The following are my notes on The Autobiography of Alexander Luria: A Dialogue with the Making of Mind, authored by Michael Cole, Karl Levitin and Alexander Luria. This book also includes a DVD with video interviews of many people who knew Luria. This is a wonderful novel way to design a biography. The book is also associated with an author web site at UC-San Diego. This site has a number of photographs of Luria and an interview with Oliver Sachs and Jerome Bruner (?) (Since the person is not identified in the interview, I am not sure who it is.).
The Preface explains the history of biographical information written about Luria through the years, including material Luria wrote himself. The present volume is an attempt to elaborate and annotate Luria's The Making of the Mind, an account written by Luria of his scientific/professional history, with material that places this in social context and elaborates Luria's personality based on accounts of people who knew him well.
Ch1 The Historical Context. This chapter is one of the essays by Michael Cole. It describes the state of psychology at the time Luria started working and the concepts that were salient at the time. Of course, the Soviet system was a tremendous influence on psychology in Russia. It appears that Luria and other psychologists were either influenced by it in many implicit ways that they endorsed, or they spent a lot of time coping with it in attempt to publish ideas that were contrary to communism but they felt compeled to discuss.
p3: Pavlov and associationism was the undercurrent of almost all Soviet psychology. The contrast of idiographic and nomothetic were salient (see p23). Could Psychology really consist of an experimetal science? Freud was a strong influence on Luria and reiforced an idiographic approach.
p5: Wundt and introspection. Luria was born into a psychology world of experimental introspection. I think this may have influenced his studies of the people of Uzbekistan.
p6: Luria respected the rigor of the laboratory. The problem was the manner in which the laboratory restricted the phenomena under study. The psychologist's task is to integrate the specific derived from the laboratory into the general model that explains all valid phenomena.
p7: Word associations in psychoanalysis were attempts to examine how concepts are associated.
p7: Luria was influenced by Freud and Jung through reading them in the original German.
p8: Check Sechenov, Reflexes of the Brain.
p8: Neuroscience may explain specific and simple mental processes; the complex ones are not reducible.
p8: Introspection is the method to study complex phenomena, such as language and culture.

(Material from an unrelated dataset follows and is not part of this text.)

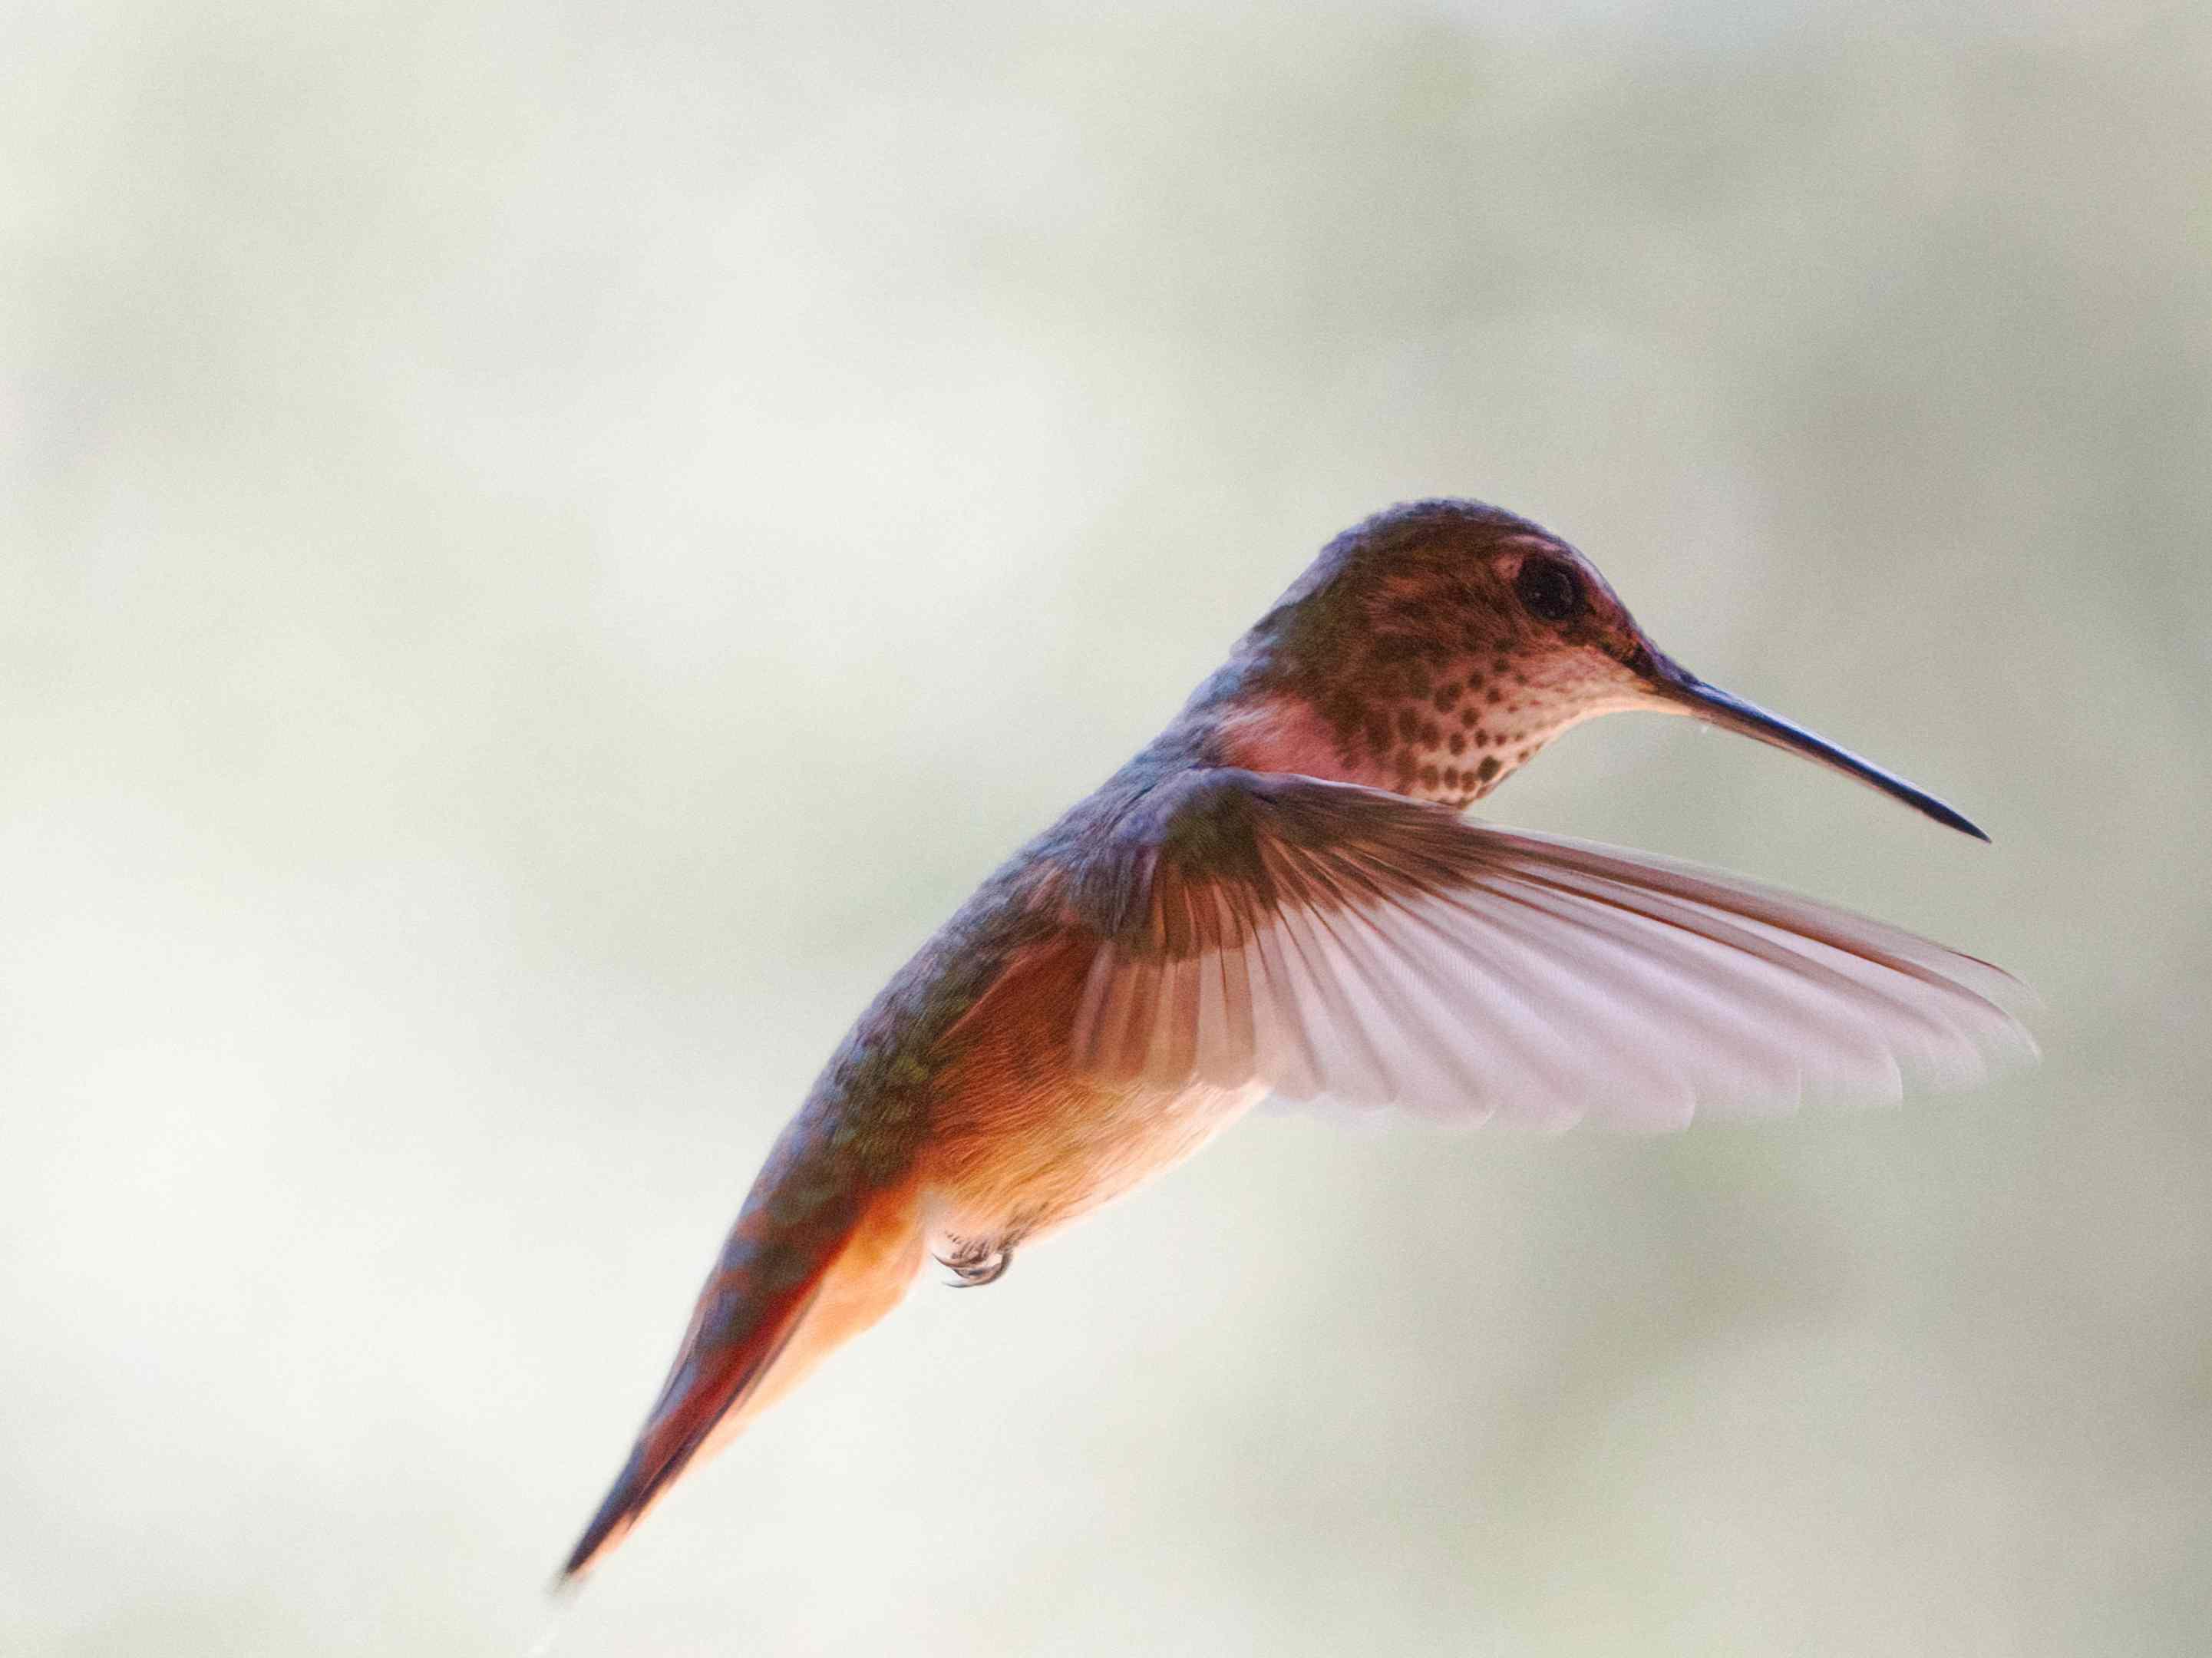 brown spotted hummingbird in midflight

p9: Structuralism - Wundt, Tichener - Elemental Introspection
Behaviorism - Watson - Elemental Phenomenological
Functionalism - James - Idiographic Theoretical
Gestalt - Nonelemental- Psychology as a whole
Luria did not follow any one school. Luria and Vygotsky were interested in internal motivations, "hidden complexes", used experimental methods, "experimental Freudians".
p10-11: Brain function by analogy to a telephone switchboard, computers. Check Miller et al., Plans and the Structure of Behavior.
p22: Dilthey - reale psychologie - Man as a unified, dynamic system.
p23: idiographic vs nomothetic. Individual cases vs natural laws. Luria wanted a psychology that would overcome this conflict. One that would explain the concrete facts of the mental life of individuals, and generate explanatory laws.
p23: Psychoanalytic writings. Freud, Adler, Jung.
p24: Graduated Kazan Univ. 1921. Studied Medicine and Psychology at the same time.
p25: Hipp Chronoscope for reaction time. Jung - Studies of Diagnostic Association. James - Varieties of Religious Experience. Pavlov - Excitatory and inhibitory processes of the central nervous system.
p26: Using the Hipp Chronoscope he studied the effect of hard work on mental activity, the influence of verbal instruction on reaction time - the role of speech in regulation of reaction time.
p26: Founded a journal - Problems of the Psychophysiology of Labor. Tried to recruit Bekhterev onto the editorial board. He had to use yellow paper from a soap factory to print the journal.